===== Data segment =====

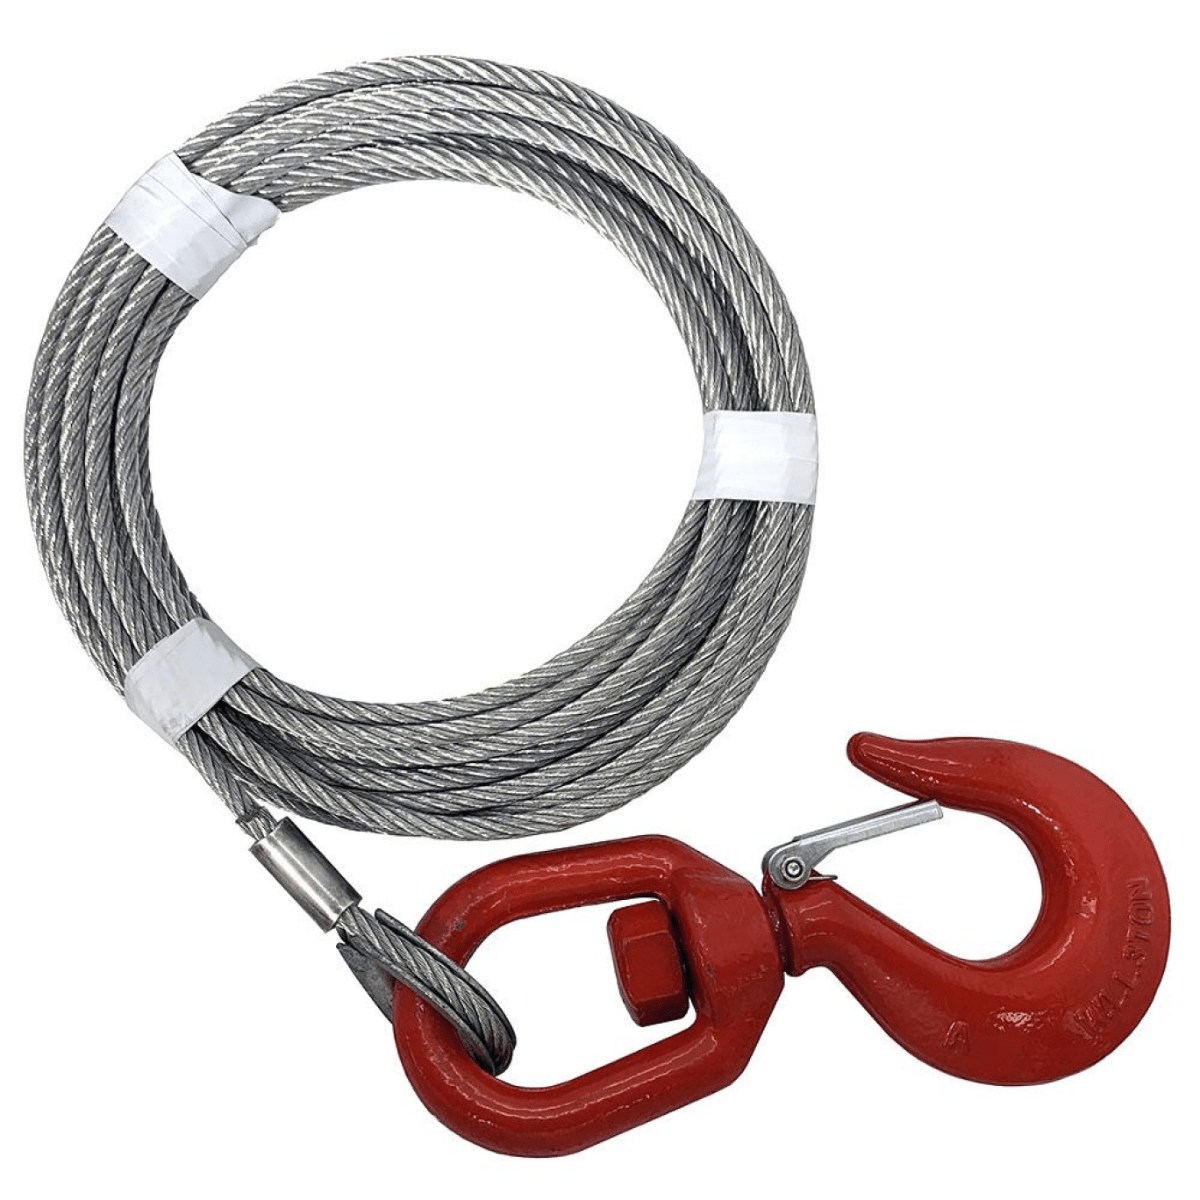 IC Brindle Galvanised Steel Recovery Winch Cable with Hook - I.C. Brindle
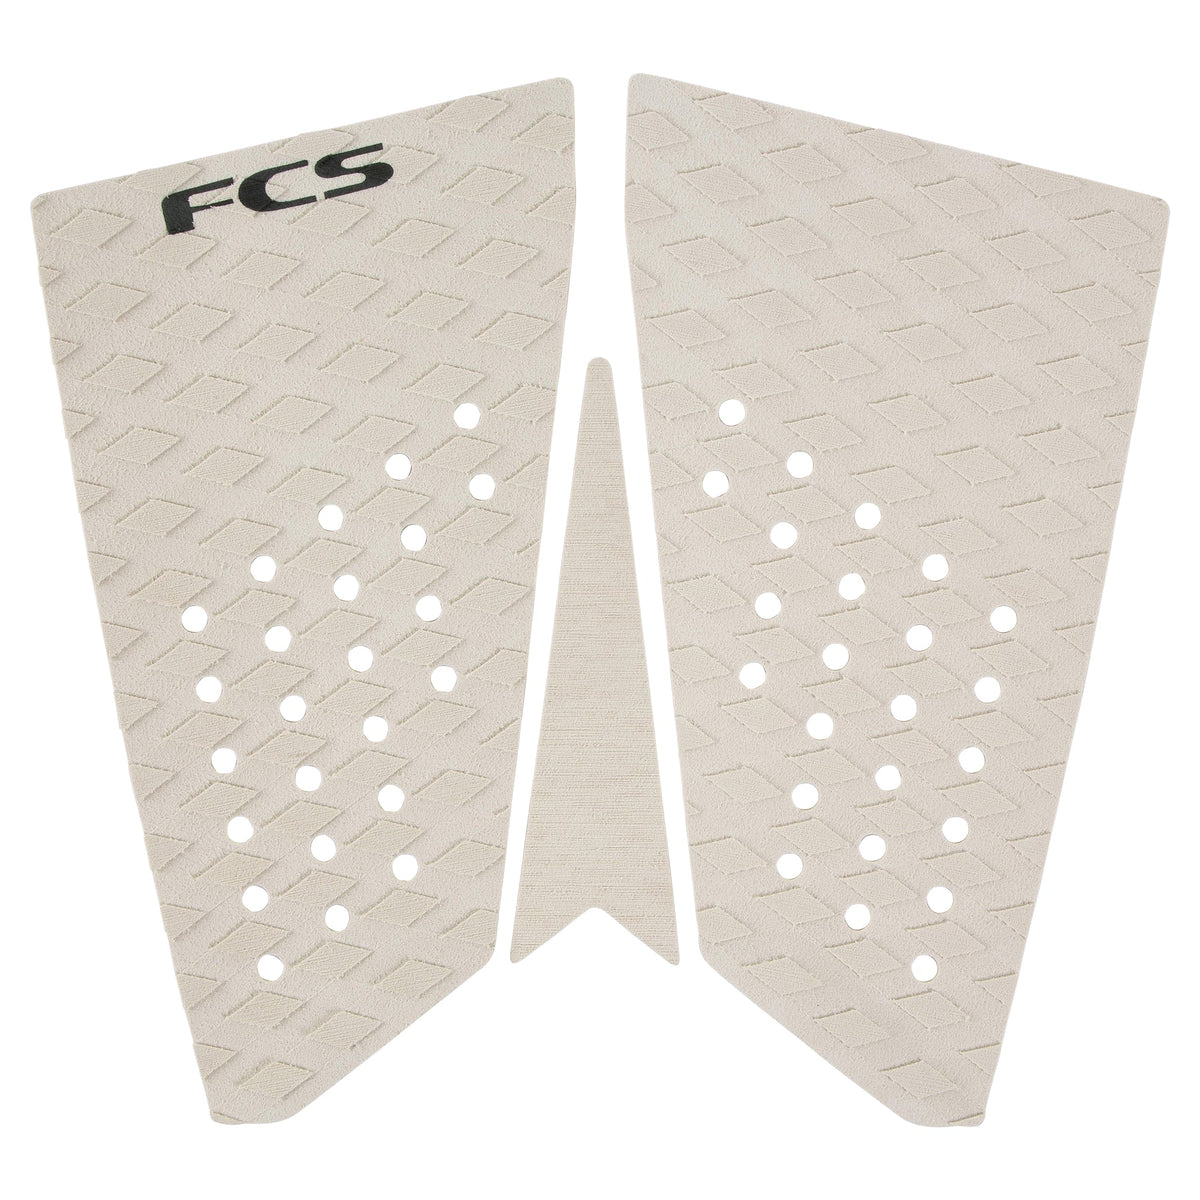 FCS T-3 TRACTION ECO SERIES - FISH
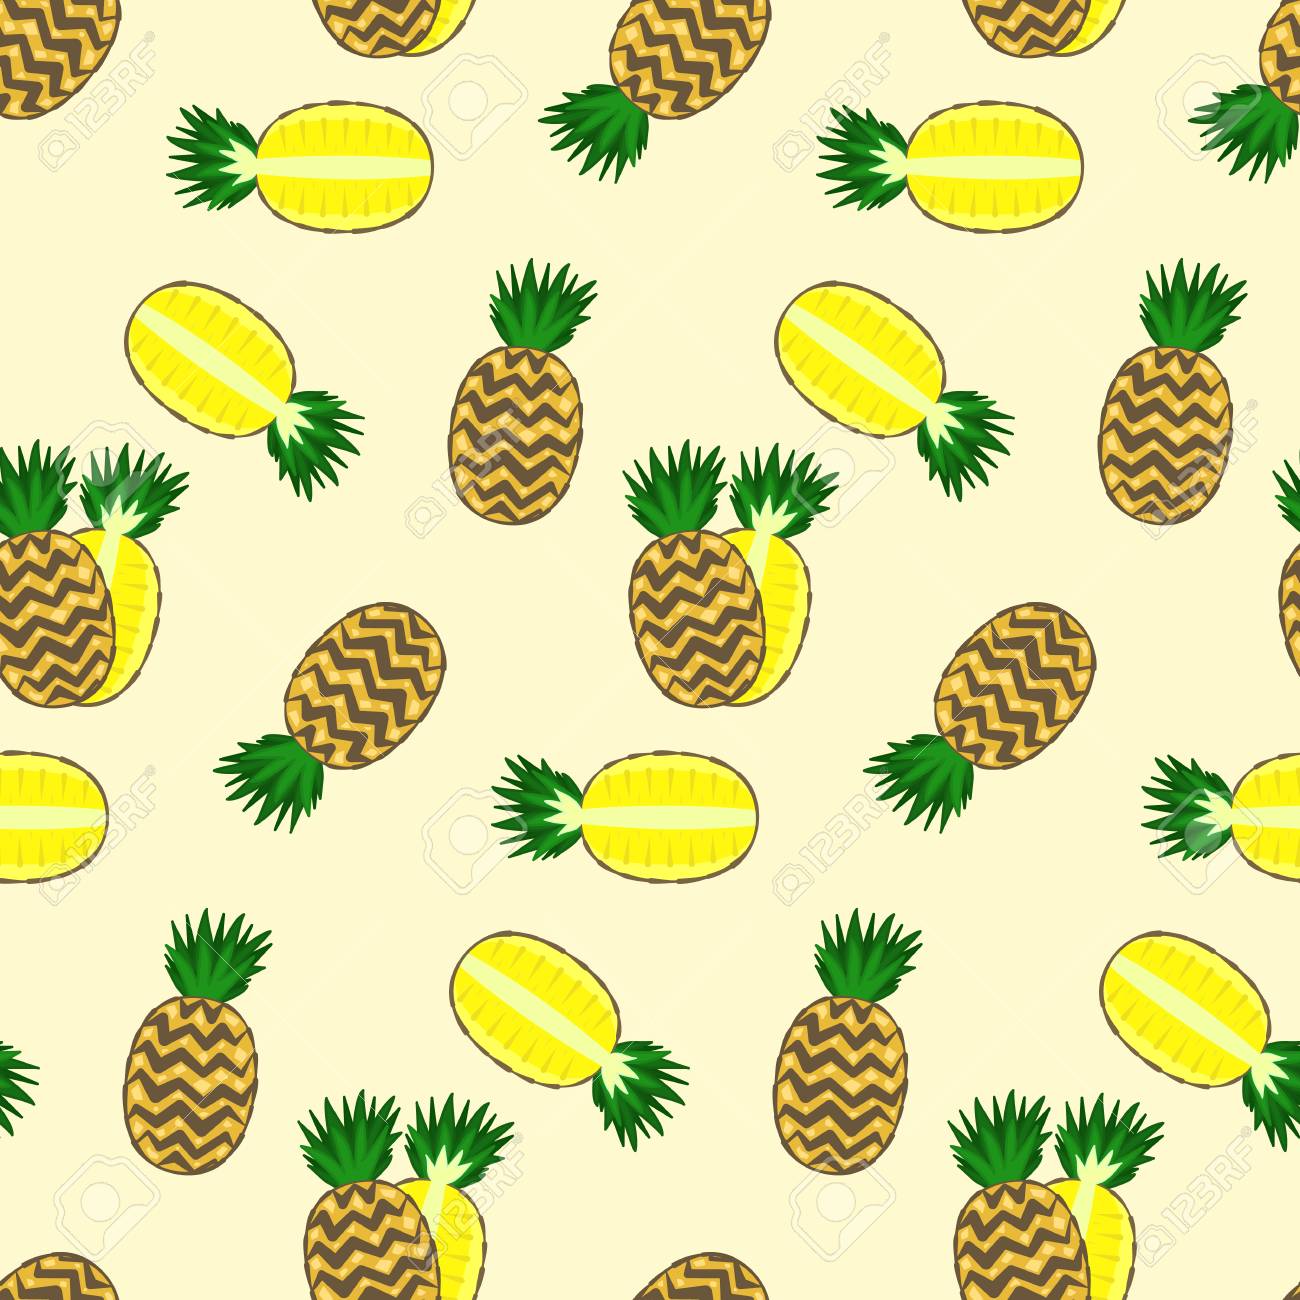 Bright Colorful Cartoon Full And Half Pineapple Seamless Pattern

=====

**Requirement**
Print each line from the one containing "FCS T-3 TRACTION ECO SERIES - FISH" through the last line of the listing, both included, exactly and with no pictures.

**Written response**
 FCS T-3 TRACTION ECO SERIES - FISH
 Bright Colorful Cartoon Full And Half Pineapple Seamless Pattern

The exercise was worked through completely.